I don't think he is underweight but would be very close in my opinion. He is still really good with his training and loves exercising. It is just his eating! Some days he will be lucky enough to be eating once for the day! 

Any helppp?

Cheers!


----------



## koda13 (Dec 17, 2013)

I have been adding some chicken necks and raw bones just to make sure that he is getting enough energy and food but when i do the he just picks out the bones and will leave the rest of his food! 

Such a fussy little pup! haha!


----------



## marathonman (Jan 15, 2013)

We've tried all different combinations of pumpkin, chicken broth, chicken, buffalo, and scrambled eggs to help with our boy eating his kibble. (To keep his interest in his food and to add extra calories) Some combinations worked for awhile, others didn't. Recently we came upon a dehydrated food from the Honest Kitchen that works wonders. After re-hydrating a scoop of the powder, we mix his kibble in and he scarfs it all up. We didn't want to increase the amount of kibble we give him, so finding a protein/veggie powder to supplement his diet has really helped.


----------



## Vizsla Baby (Nov 4, 2011)

Sadie went through a phase like that, she fussed over her food, didn't want to eat, we tried every brand, every homemade concoction known to man. She would still walk away from her food routinely.
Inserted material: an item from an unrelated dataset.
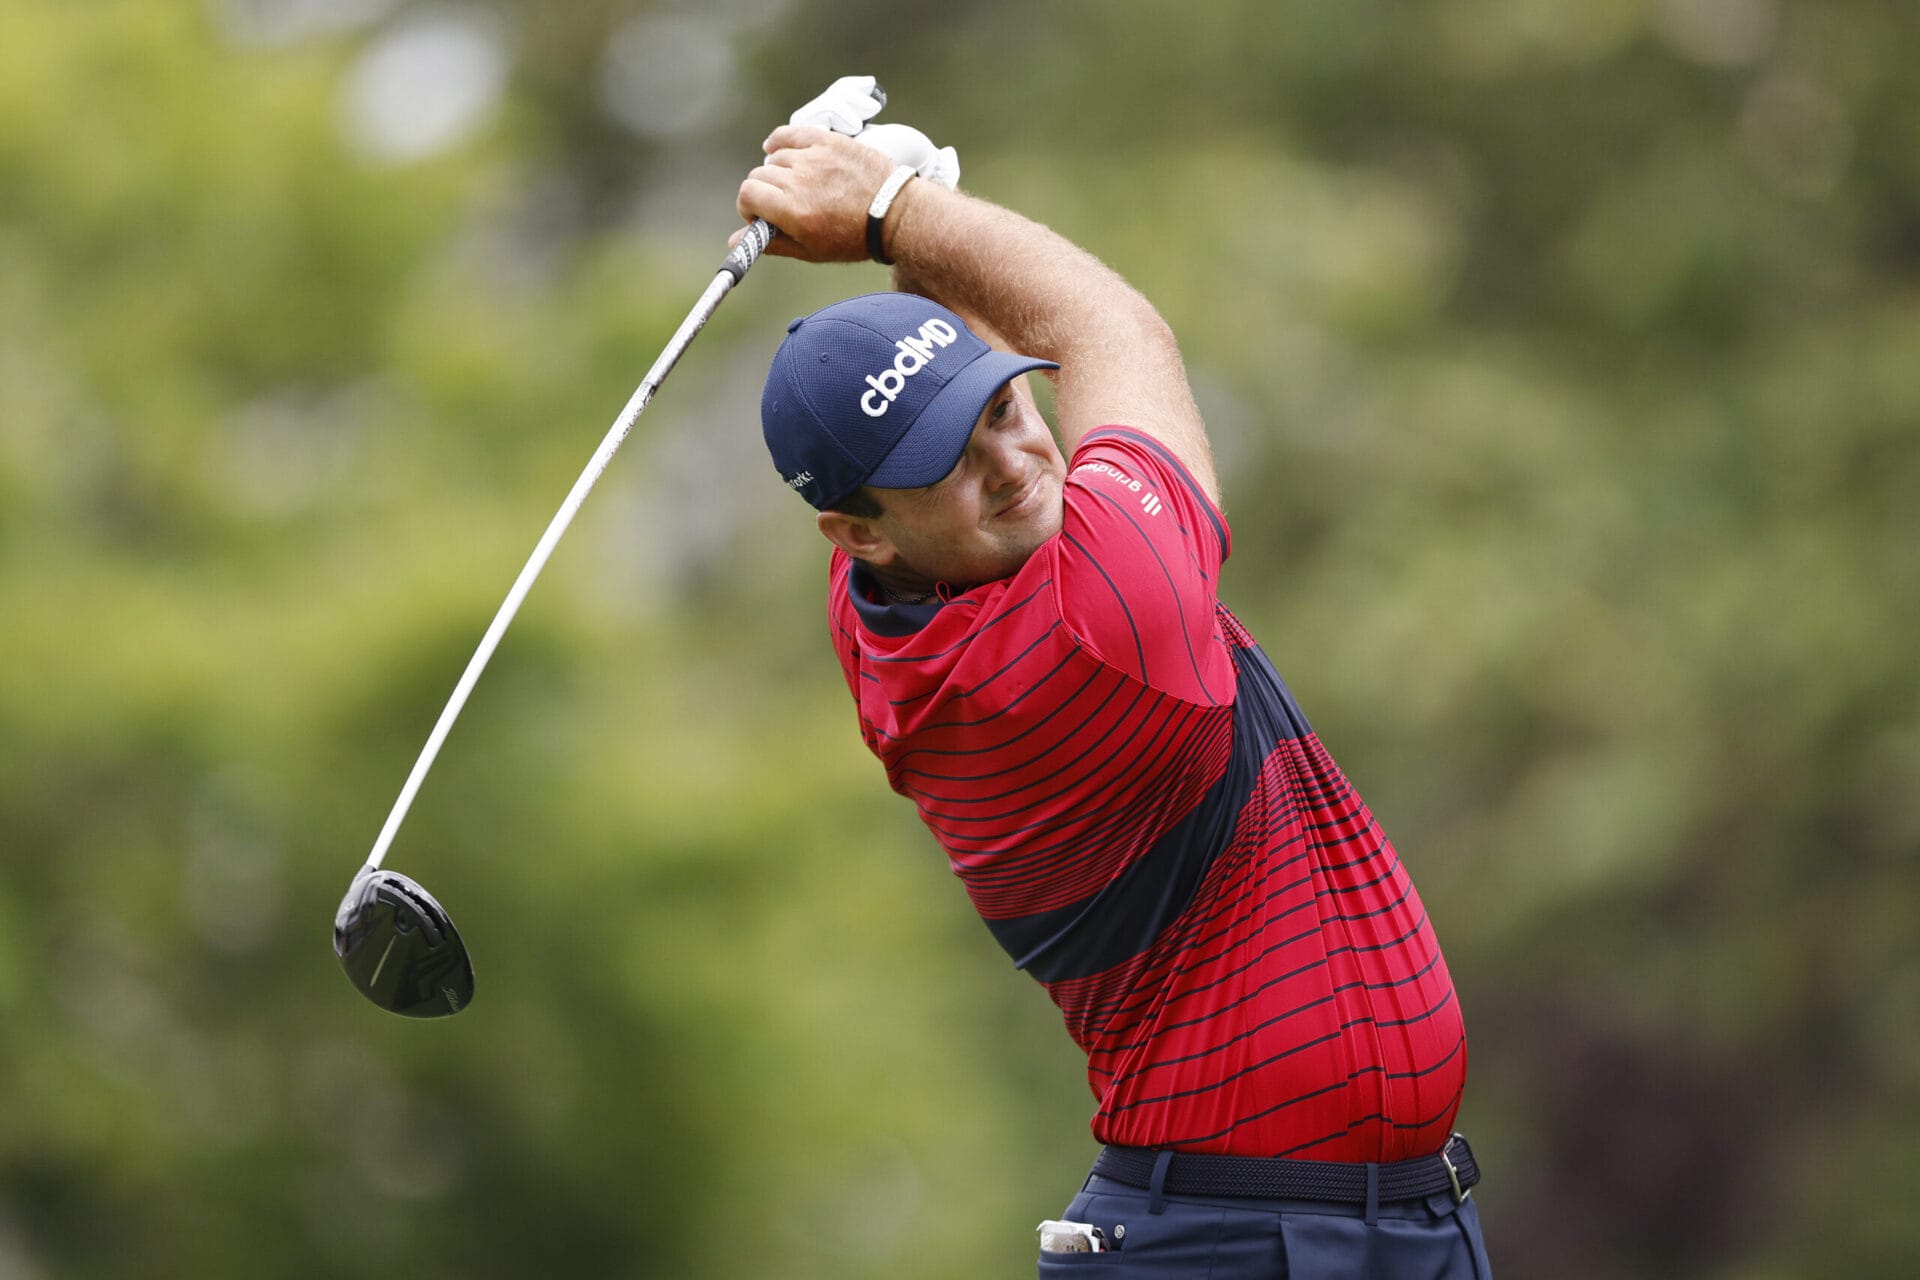 CROMWELL, CONNECTICUT - JUNE 27: Patrick Reed of the United States plays his shot from the sixth tee during the final round of the Travelers Championship at TPC River Highlands on June 27, 2021 in Cromwell, Connecticut.

I would sit on the floor with her and give her a bite of chicken or something yummy, then another closer to her bowl, then another over her bowl, then one almost in the bowl and then I'd dump the rest into the bowl & mix it up in front of her. The goal was to get her brain to trigger that she was actually hungry and also move her closer and closer to the bowl as that was happening.

She eventually just started eating. And to this day at almost 3 years old, she is still not a voracious eater like most dogs, she eats slowly and methodically. Still has to be enticed from time to time and sometimes, rarely, she'll just walk away from her food. 

Her weight is perfect though and her muscle tone is incredible.

I would not worry unless your pups spine really starts to show. Sadie was very thin when she was less than one year old and she's normal now. She's unbelievably fit with well defined muscles. She's fastest dog I've ever seen with stamina for days. 

I do have to add that we have one more Vizsla and a 14 year old dachshund -- both of them eat like maniacs. I had to buy the Vizsla a slow feed bowl because he'd finish his meal in literally, about 45 seconds. I think he'd eat until he gained 25 pounds! Every dog is different!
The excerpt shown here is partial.